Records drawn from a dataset
——

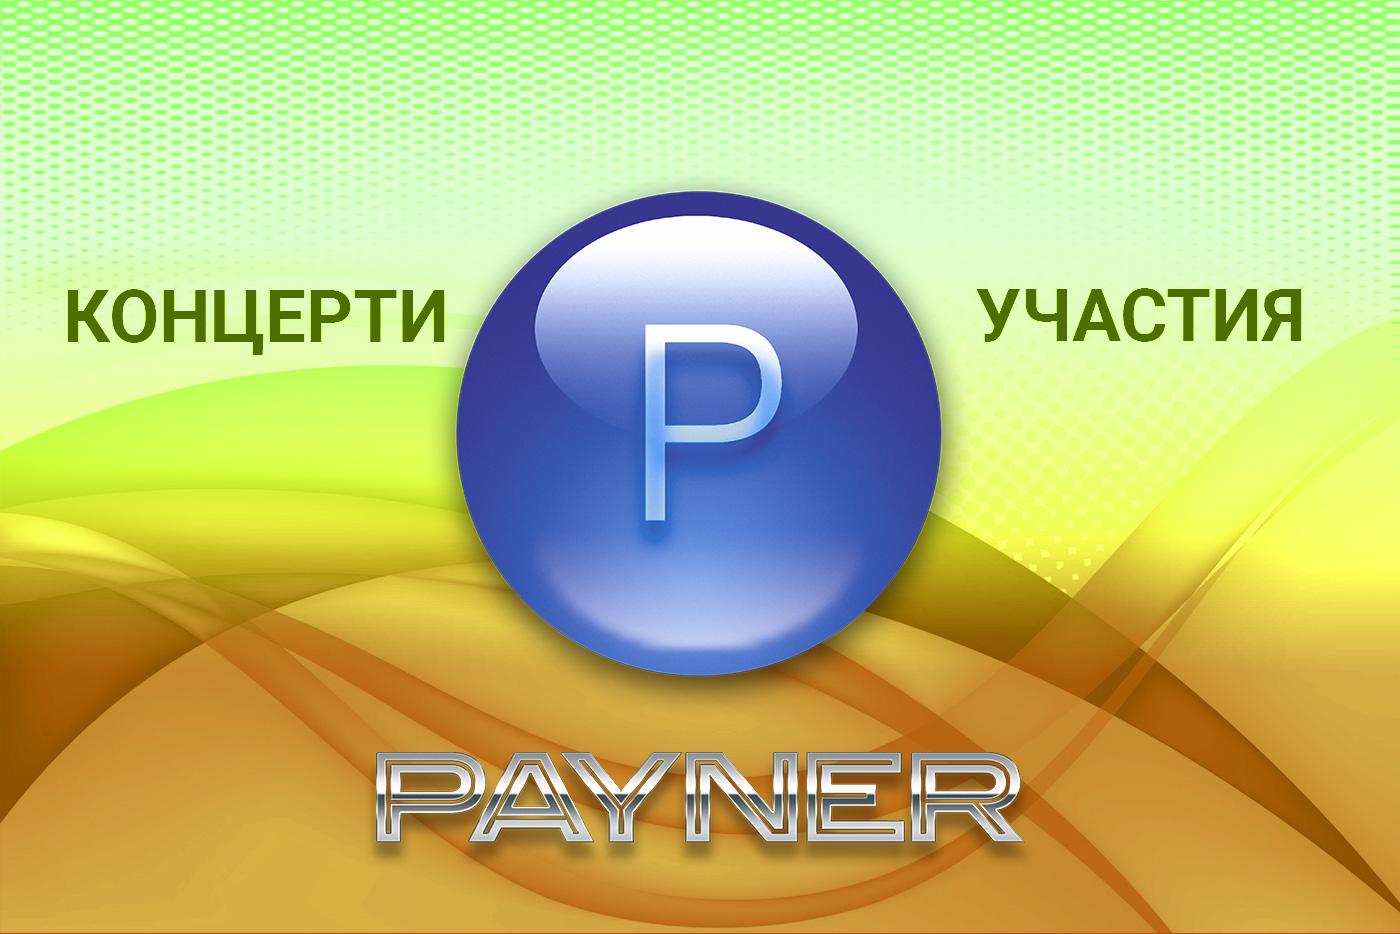 """Участия на звездите на """"Пайнер"""" на 18.08.2019"""
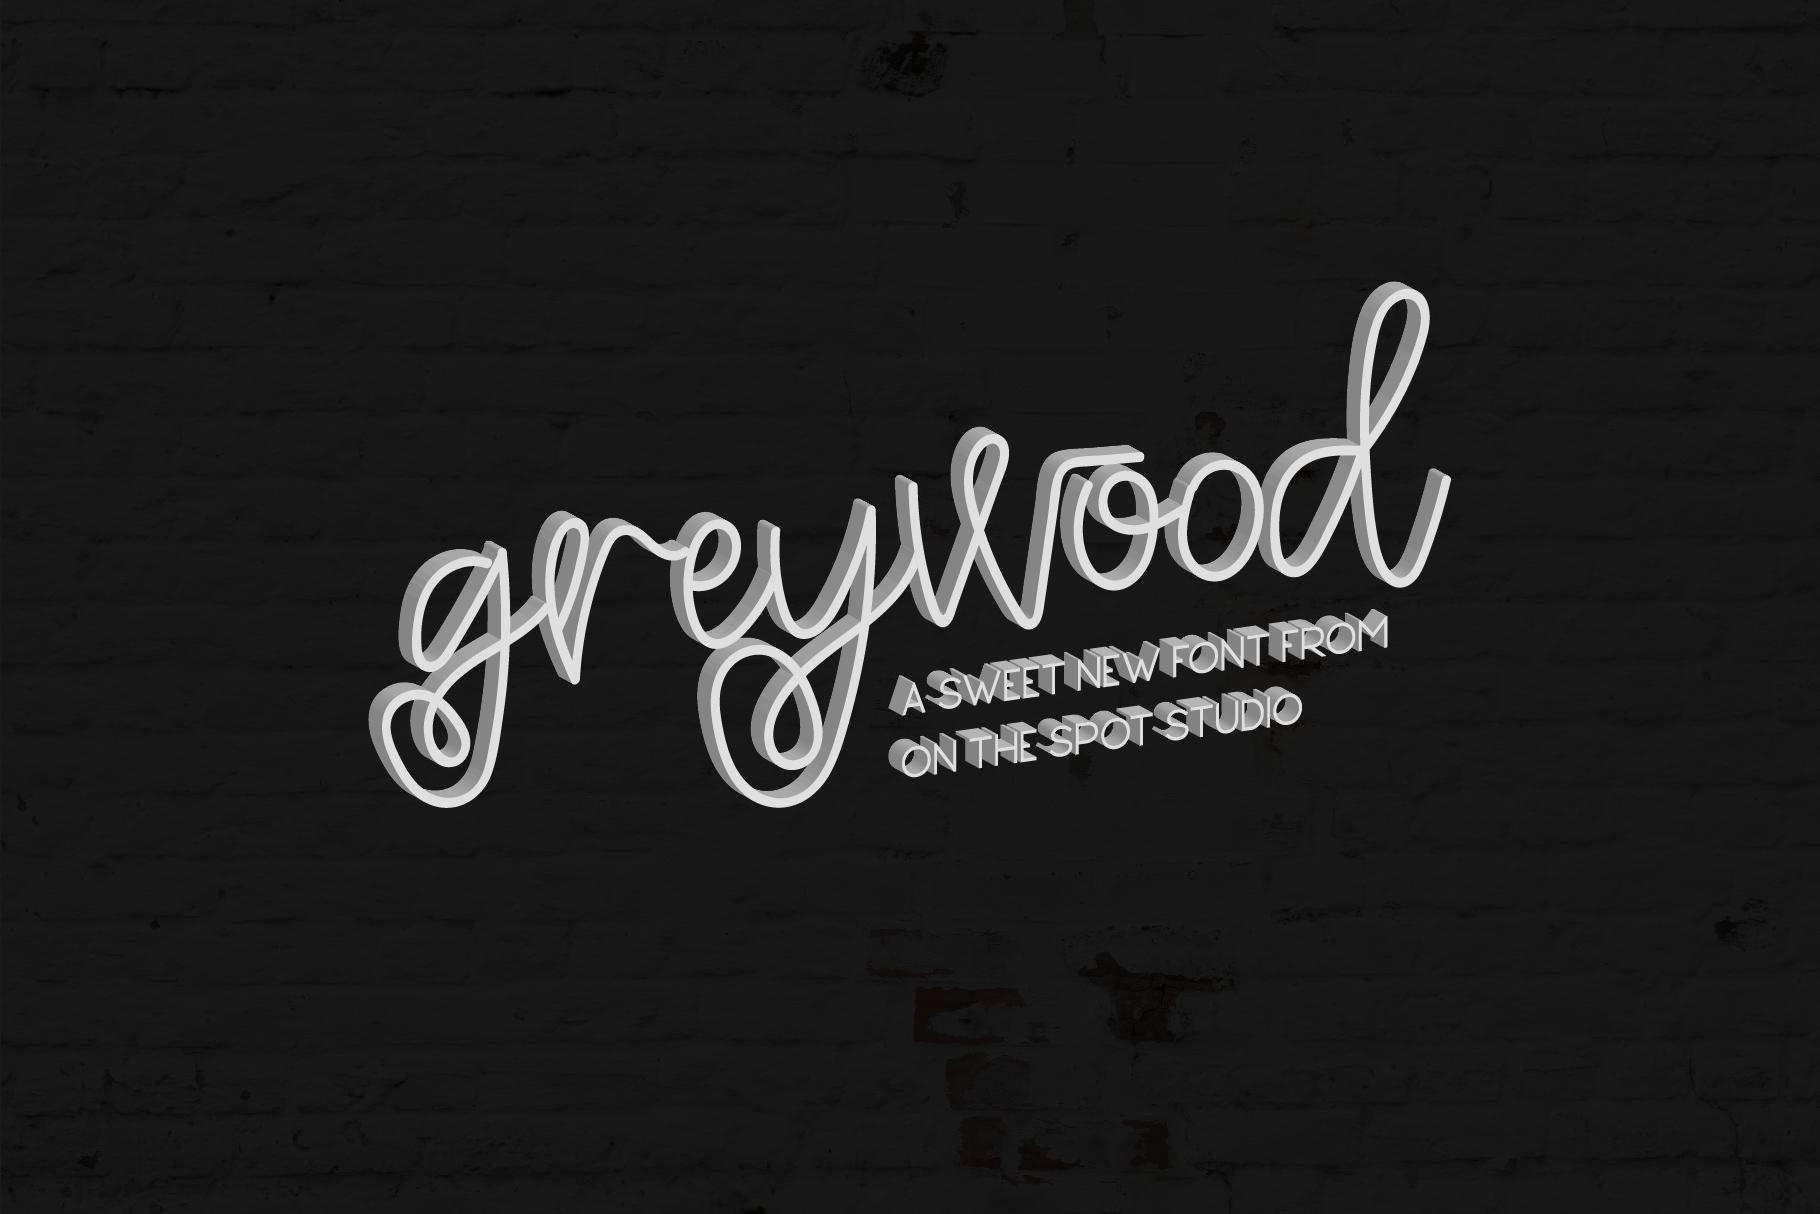 Greywood & BONUS Cedarwood Display example image 1
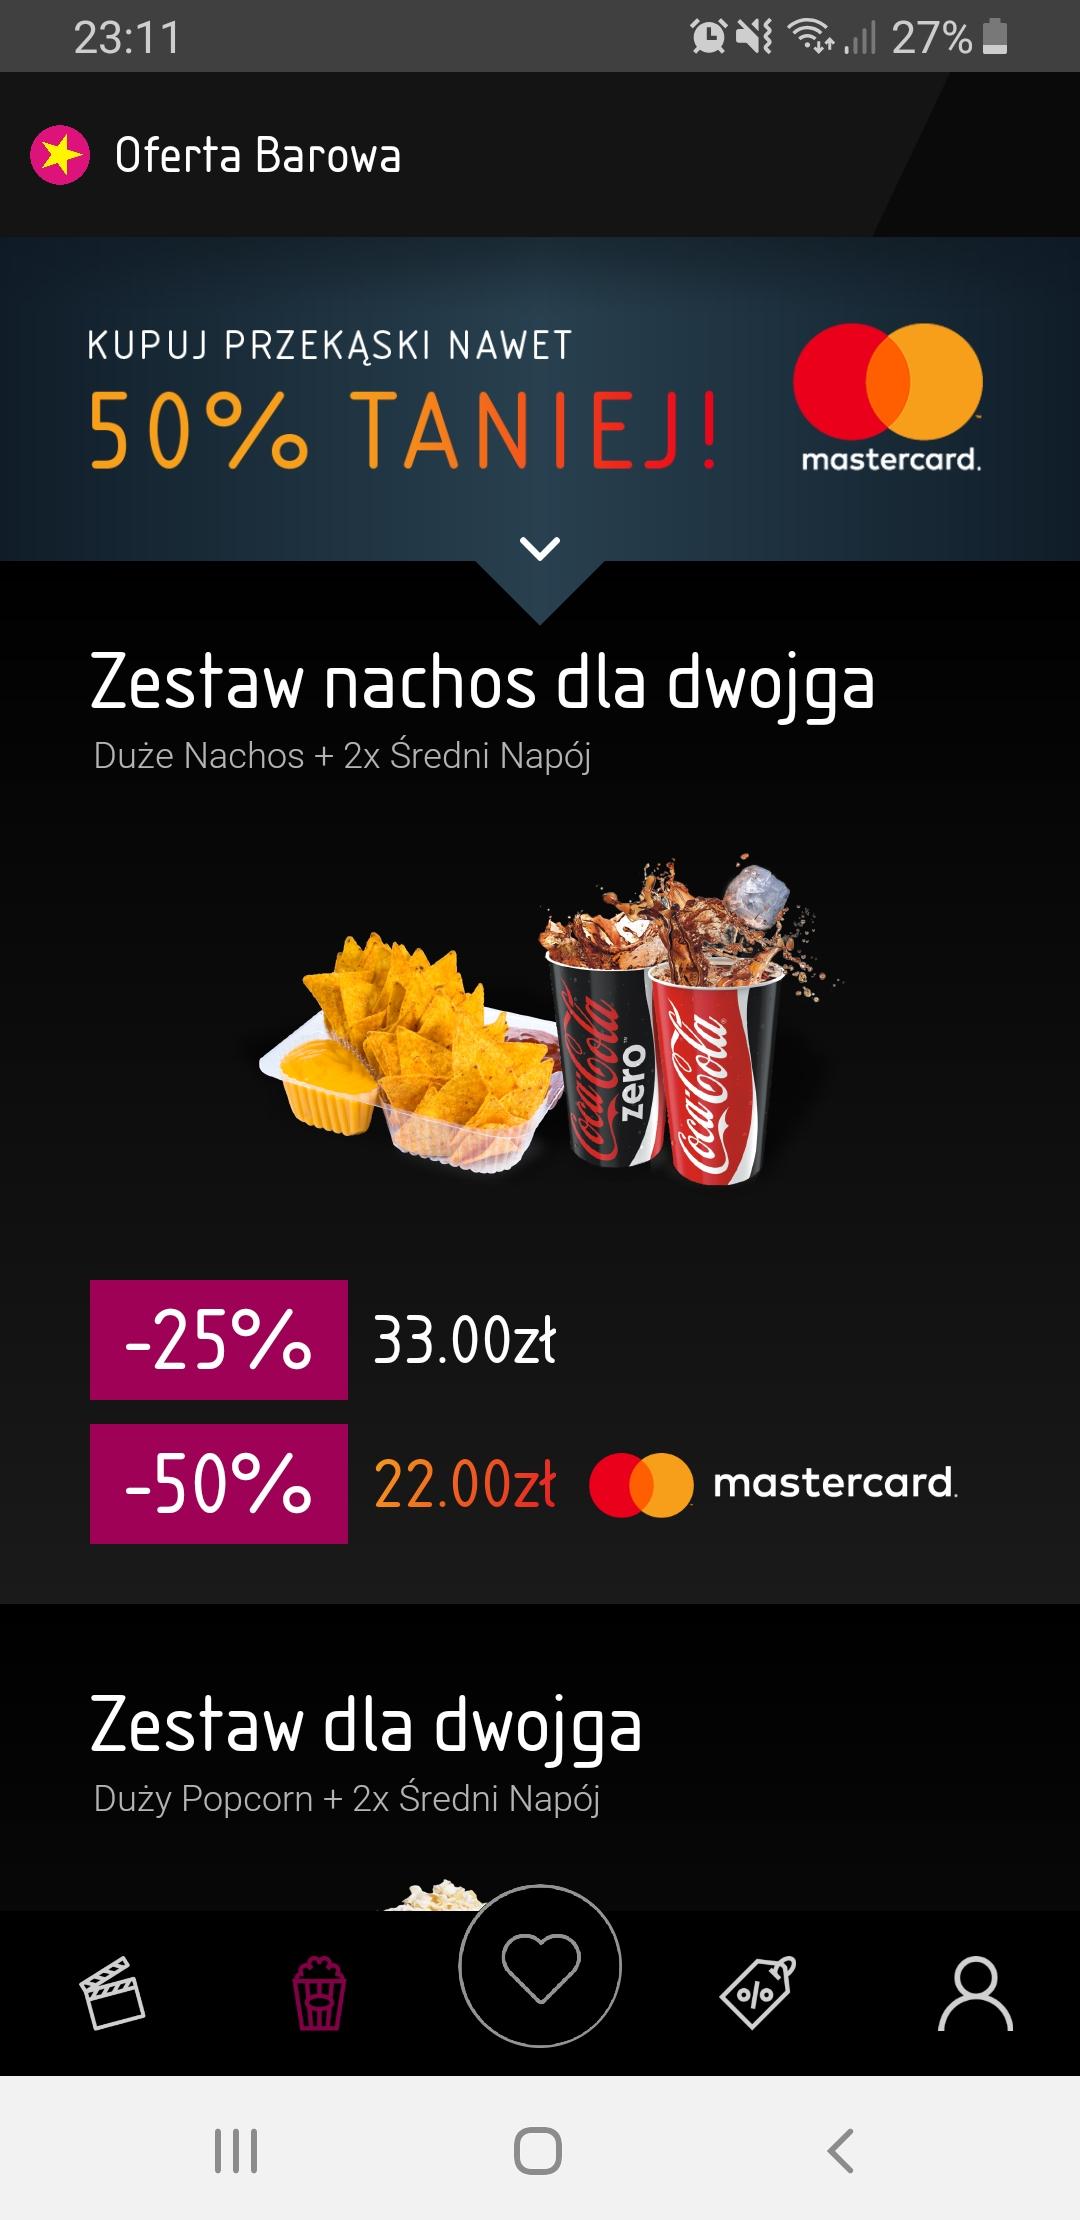 Multikino - zestawy z popcornem i nachos za pół ceny- przy płatności Masterpass.
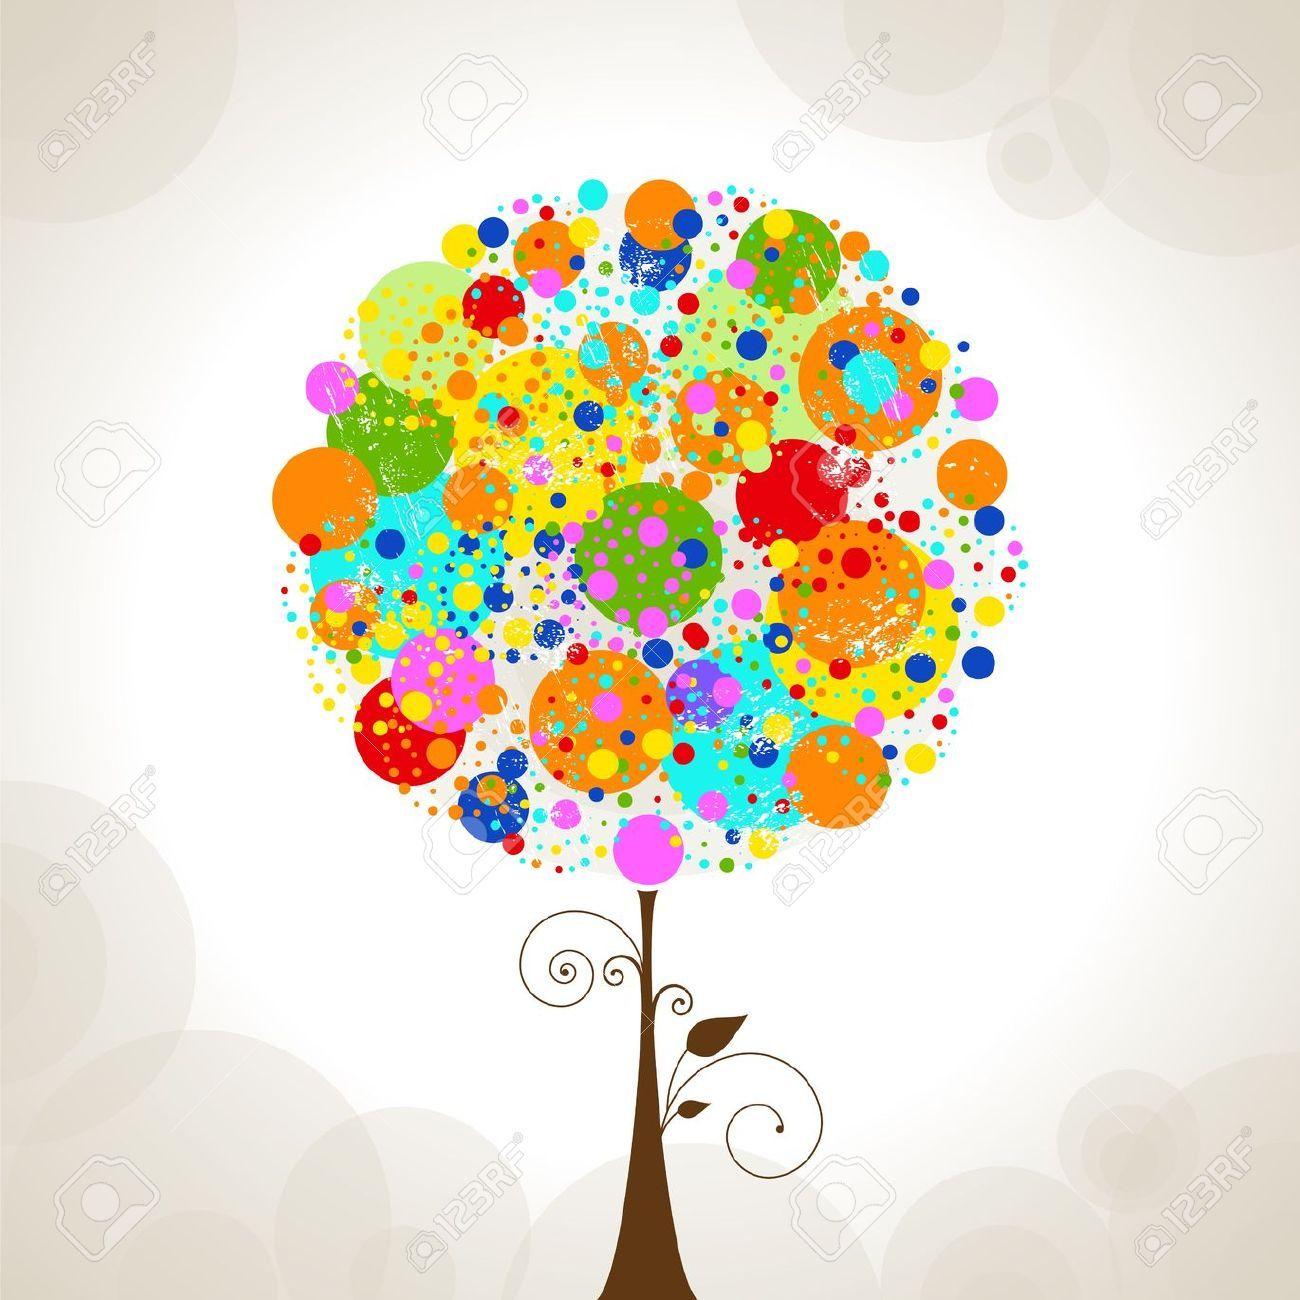 arbol de la vida dibujo a color - Buscar con Google | Tree icon, Abstract  tree, Tree doodle
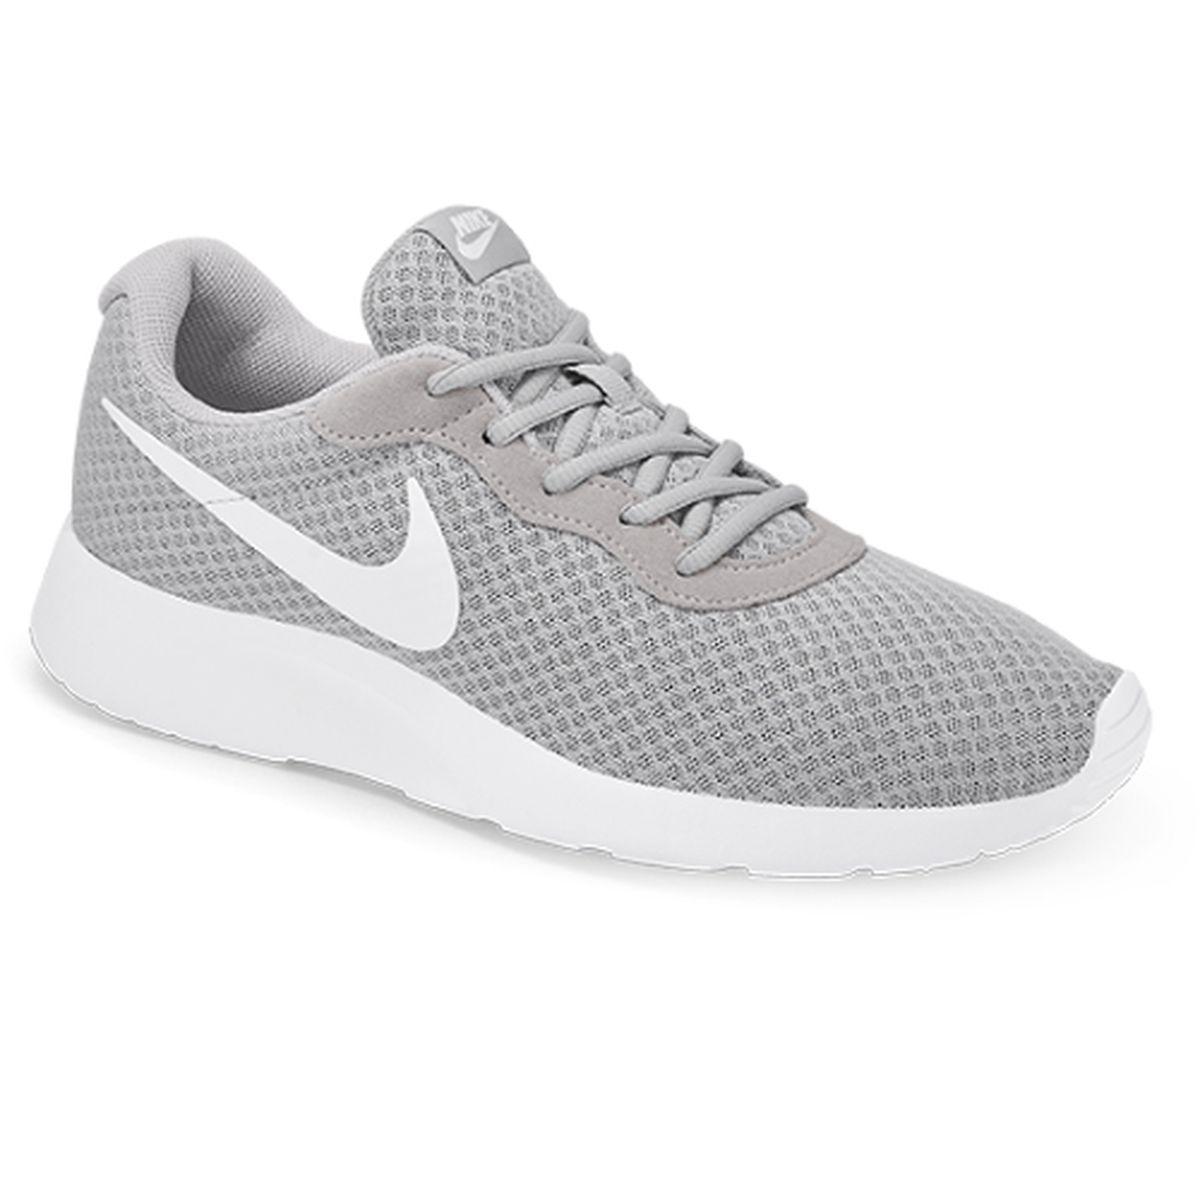 Tenis para Hombre Nike 54010 Color Gris/blanco

——

Output every entry verbatim. Pictures do not belong in the copy.

• Solution for this task:
 """Участия на звездите на """"Пайнер"""" на 18.08.2019"""
 Greywood & BONUS Cedarwood Display example image 1
 Multikino - zestawy z popcornem i nachos za pół ceny- przy płatności Masterpass.
 arbol de la vida dibujo a color - Buscar con Google | Tree icon, Abstract  tree, Tree doodle
 Tenis para Hombre Nike 54010 Color Gris/blanco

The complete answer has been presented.